Recall that a tree is an undirected graph where unique paths exist between any two nodes (i.e. vertices). Any node may be selected as its top node, with its own collection of paths from it to its leaves. A popular algorithm for finding the longest path in any tree is the following:
- Choose any node as its top node
- Find the longest path from it to its leaves
- Change the top node to the leaf of that path
- Then find the longest path from that leaf to its own leaves
- That path will have maximum length among all paths in the tree
This recipe is very efficient since only two breadth-first searches are required.
For example, consider the following tree:
Choose N as the top node and find the longest path from it to its leaves:
Now change the top node of the tree to the leaf of that longest path (N13) and find the longest path from it to one of its own leaves (N8):
Then that path N13 --> N10 --> N7 --> N3 --> N --> N2 --> N6 --> N8 is the longest path in the tree.

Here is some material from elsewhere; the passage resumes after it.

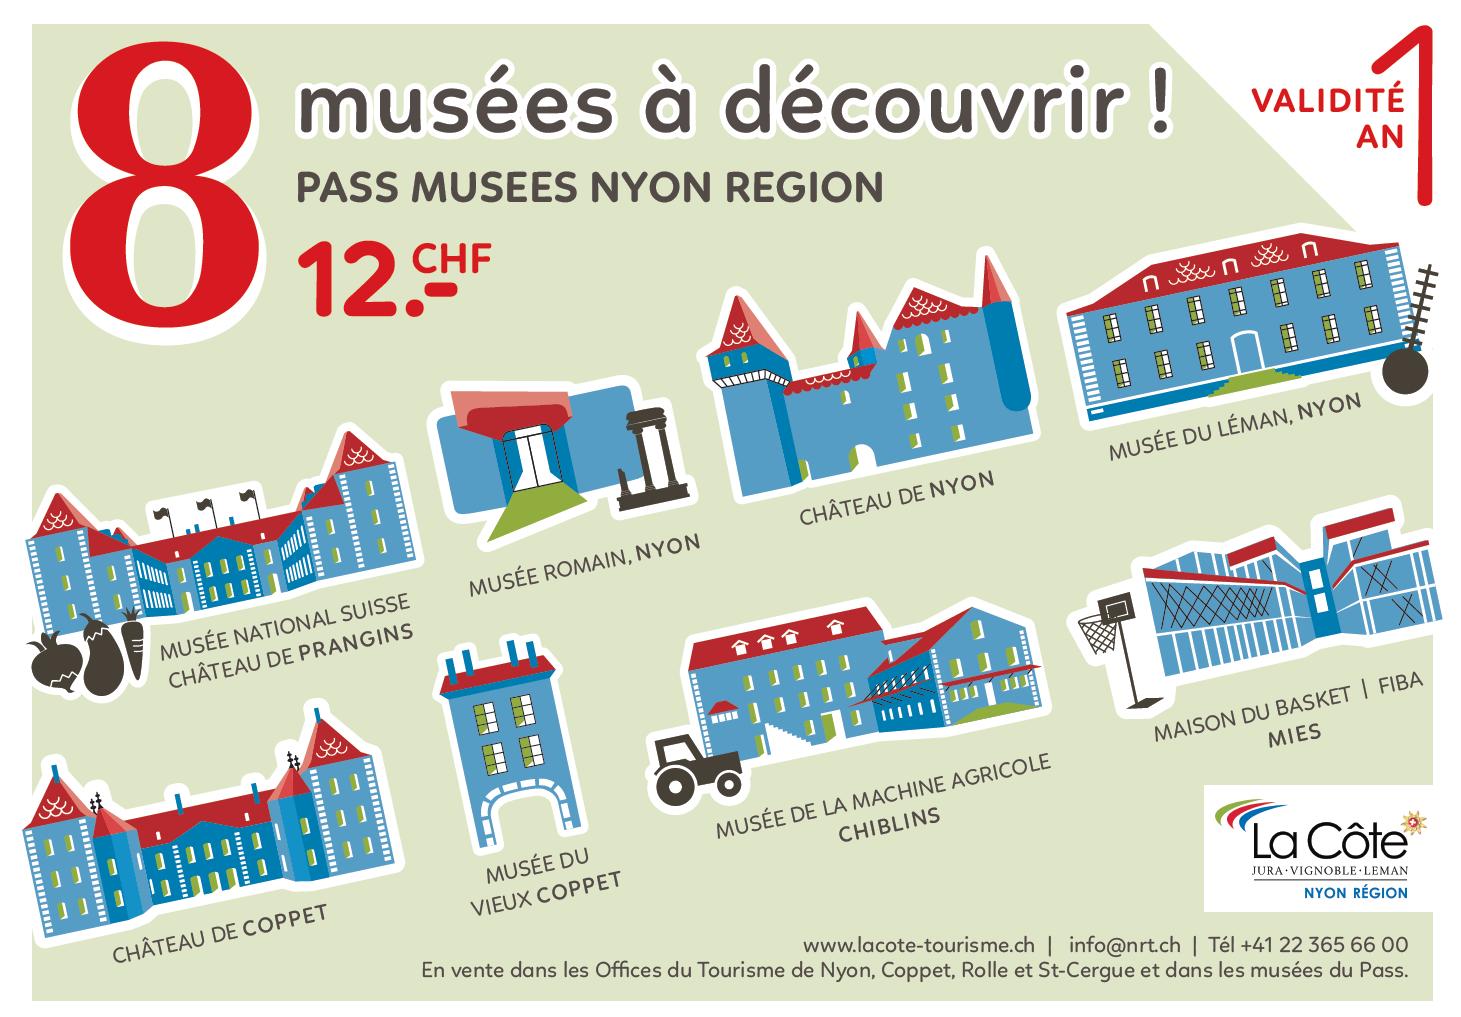 Museums Pass Nyon Region
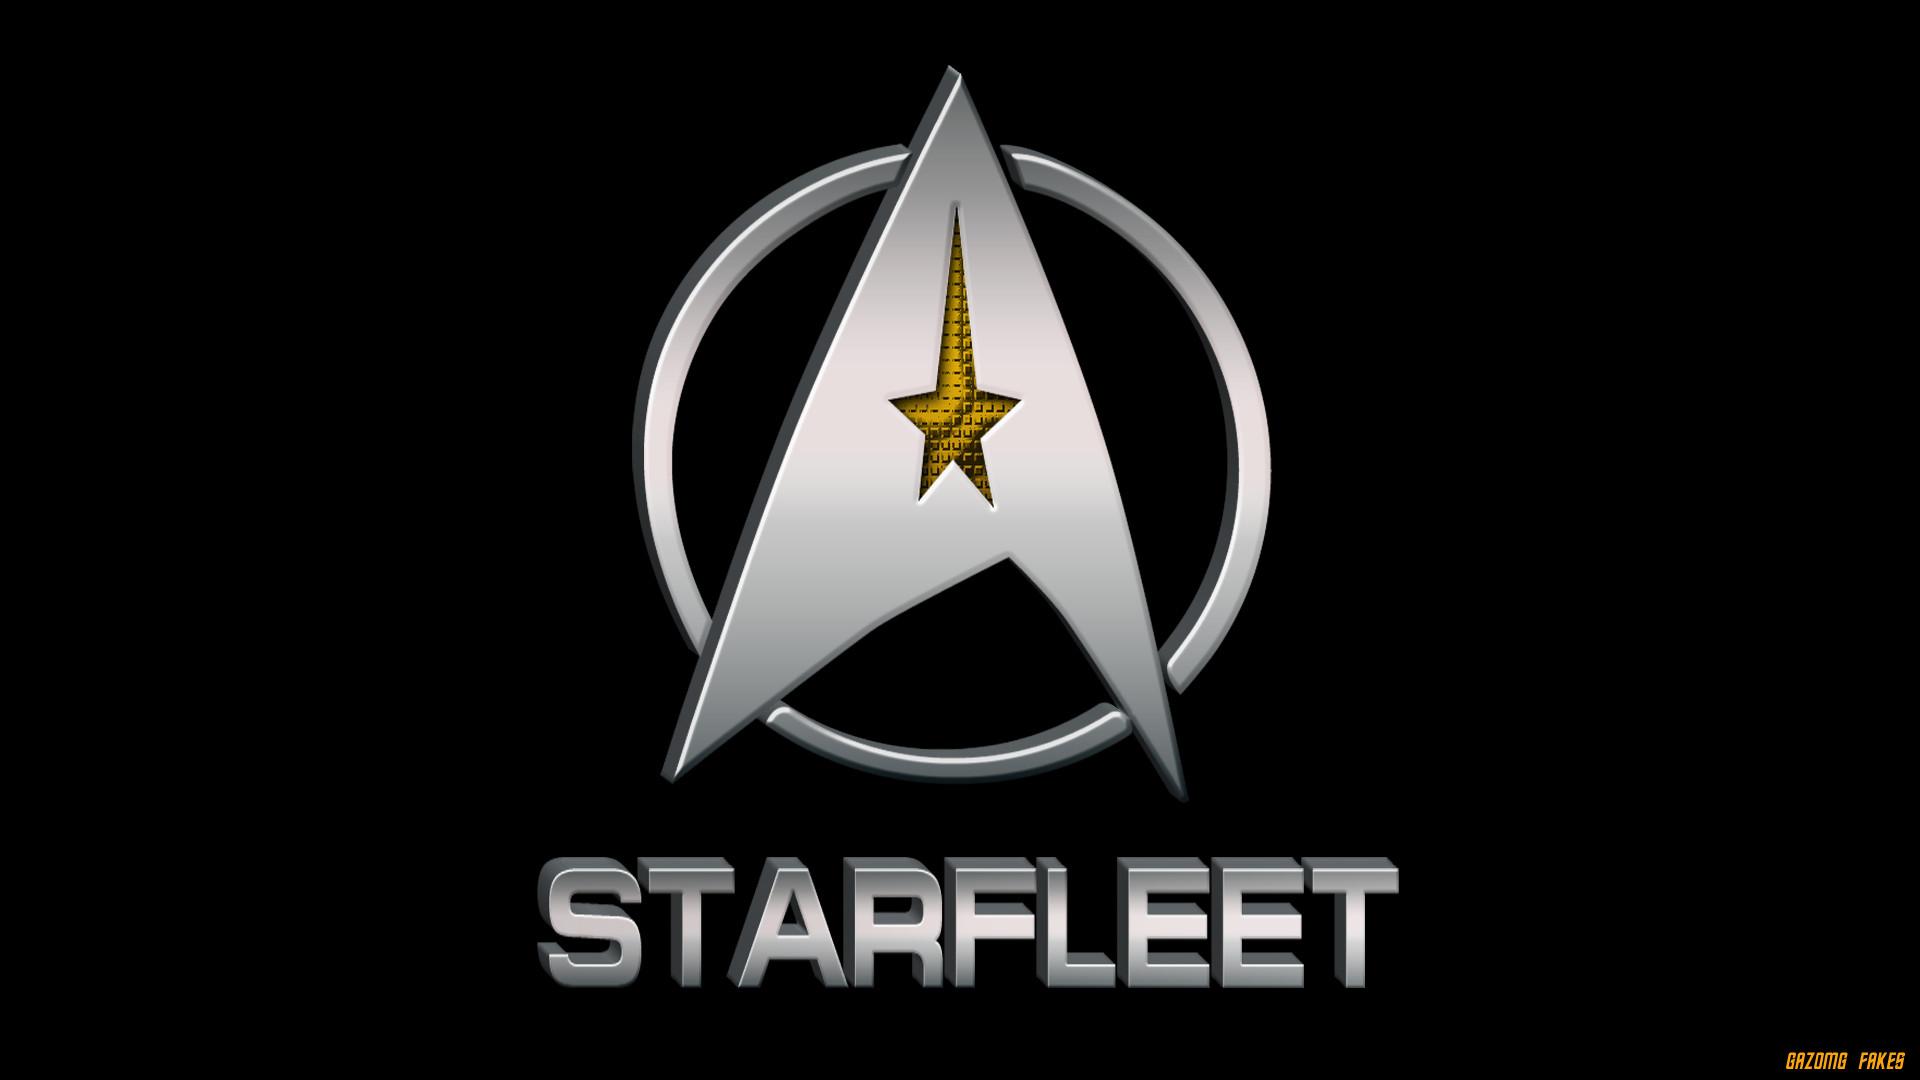 starfleet logo wallpaper 72 images

The next section provides a simple script to find the longest path in any tree. After that, a proof that the algorithm always works will be presented, using high school algebra.
Script
The following script builds the above tree and finds the longest path in it. By removing the tree-building snippet, you may refer it to any other tree (replace [Tree] with [My Tree] for example). But note that the script will always change the top node, so if you run it again, you may get a different longest path. In any event, you may wish to add a section that changes it back.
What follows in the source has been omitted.